As I continue to help Dash blaze a trail into areas few Vizlas have gone. Dash this season has gone 4 for 4 on his HRC/UKC Started Hunting Retriever Tests. As usual, he was the only Vizsla on the grounds. Today he titled SHR at the lone Star HRC club retriever hunt test near Bonham Texas. A tradition for a title pass, I was honored to get wet. I can't brag too much though. It was close and could have gone either way. Today thanks to Dash, it was one of the most stressful hunt tests I have run. Dash was having an off day and really tested me. At times I am sure we were entertaining for the the Judges and anyone watching. I know it was entertaining for my Wife. But somehow that duck always got to my hand. Sometimes with a looooong step. But he passed. The gunner did great. He knew exactly what I was wanting when I asked him to stand on my left while I heeled Dash on my right instead of my usual left. Which was for the gunner to get close to me and the water to help keep Dash from cheating the bank on that particular retrieve. Ended up being a pretty good day.


----------



## einspänner (Sep 8, 2012)

wow! Great work you two. He's only the second to title, right? 

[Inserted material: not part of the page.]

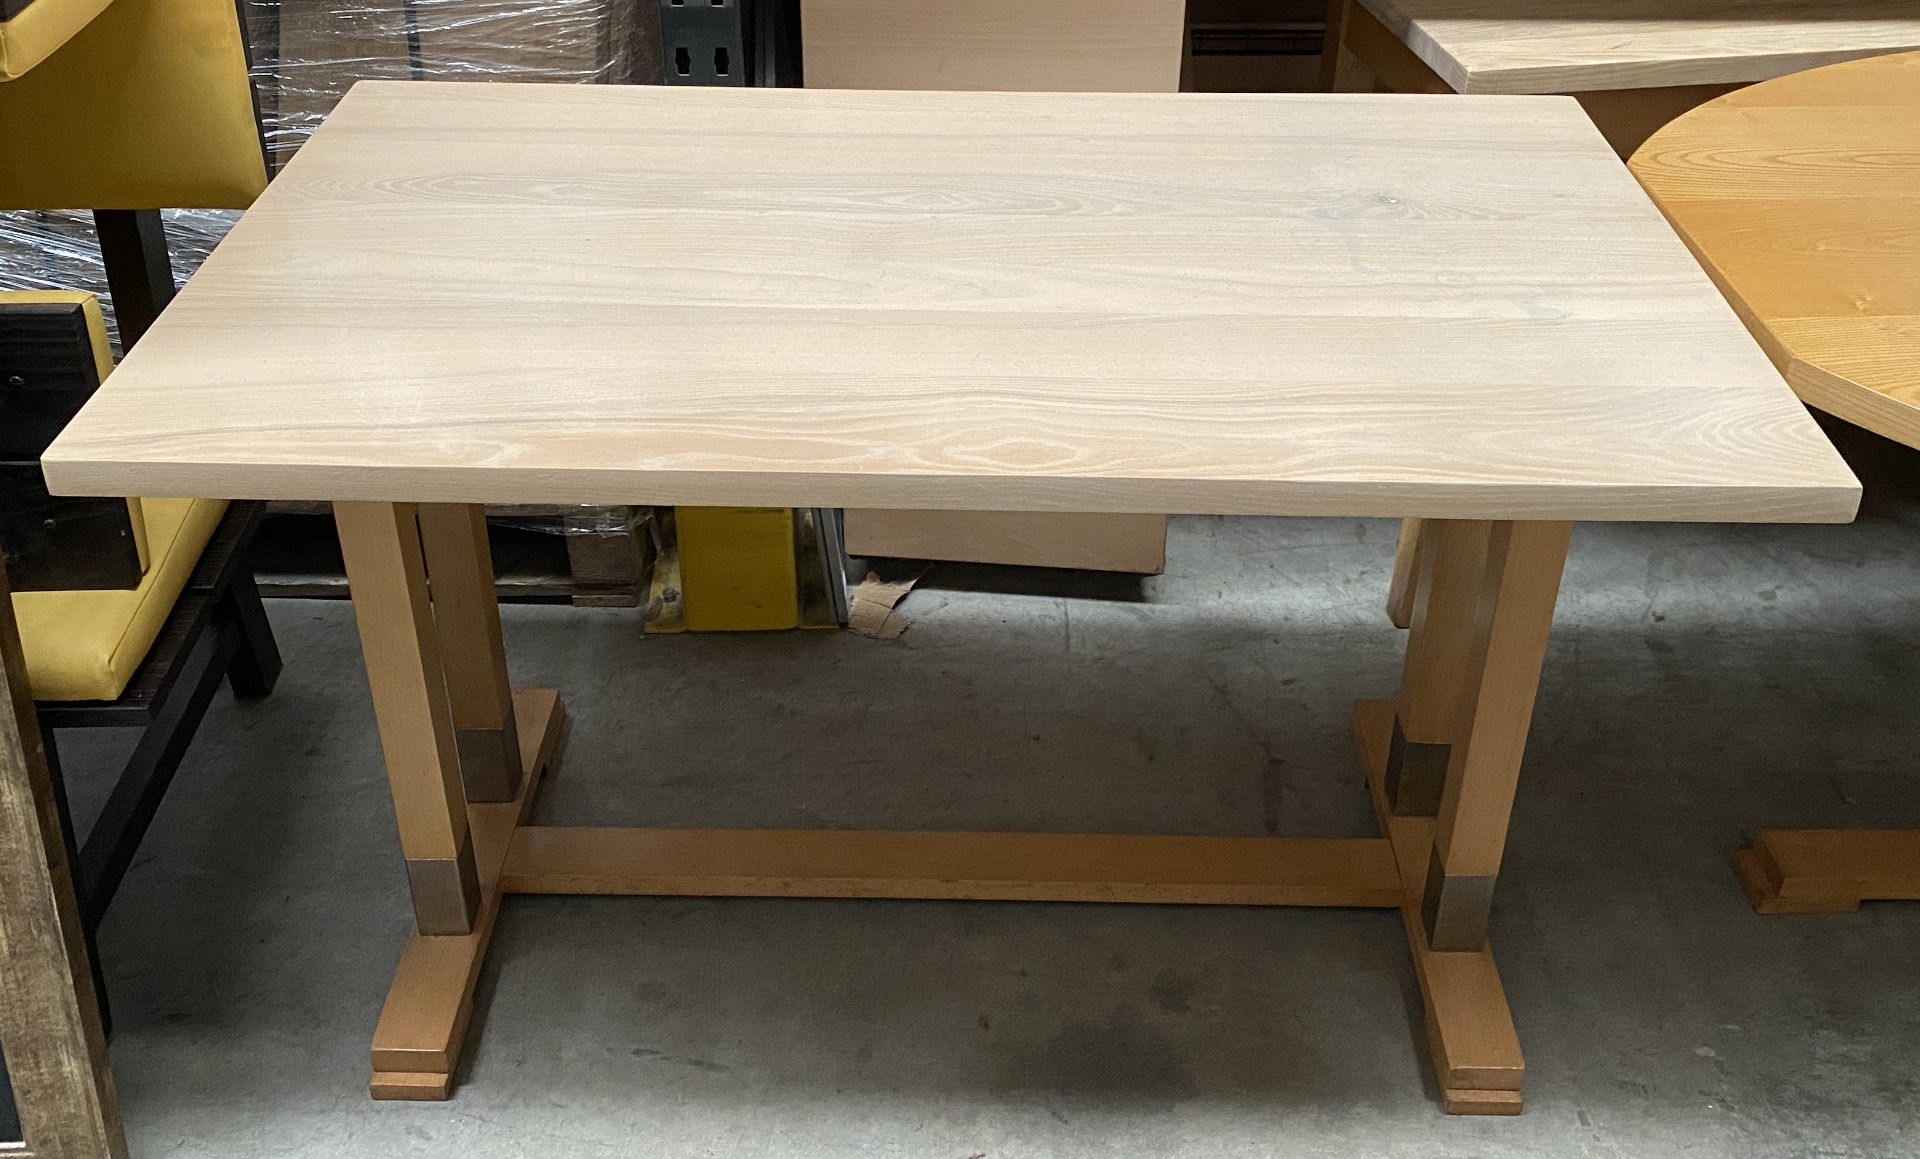 4 x Oak Laminate Rectangular Dining Tables on 4 Leg Base - 70cm x 120cm

Love the 2nd to last pic. So cheeky!


----------



## sniper john (Jun 17, 2010)

No, Vizslas have been able to run HRC/UKC for a long time. There are probaby a few Vizslas our there with UKC retriever titles, though I really don't know. II think there is only one or two, maybe three JHR Junior Hunting Retriever Vizslas in AKC still due to them only having been allowed to run in it for a couple years now. I guess what would be an Uncle to Dash was the first ever Vizlsa to obtain a JHR title. Dash only has one AKC pass and I doubt I will be able to get him the three more he needs this spring, but if not, I should have him ready for it in the early Fall.


----------



## einspänner (Sep 8, 2012)

Oh ok. It's late and I'm not thinking clearly. I _was_ thinking of the AKC stuff and Adele's dog. I knew Dash was related.


----------



## texasred (Jan 29, 2012)

Congratulations again, to you and Dash. 
Ya'll have accomplished a lot together, in a short period of time.


----------



## mswhipple (Mar 7, 2011)

Congratulations!! What a handsome and clever boy Dash is!! ;D ;D ;D


----------



## Iwantavizsla (Apr 15, 2014)

What a name


----------



## R E McCraith (Nov 24, 2011)

SJ - will look into this type of test in our area 4 PIKE - thank you - the majority of feathers in PIKE's mouth is from Doves & Ducks - stay & mark drives him crazy - but if first out of the blind he will beat a Lab 2 the bird - took 2yrs 4 PIKE to swim like a Lab - LOL - on bumper drills - PIKE is at his best on blind retreives - makes me and him work harder - it's always been a matter of TRUST !!!!!!!!


----------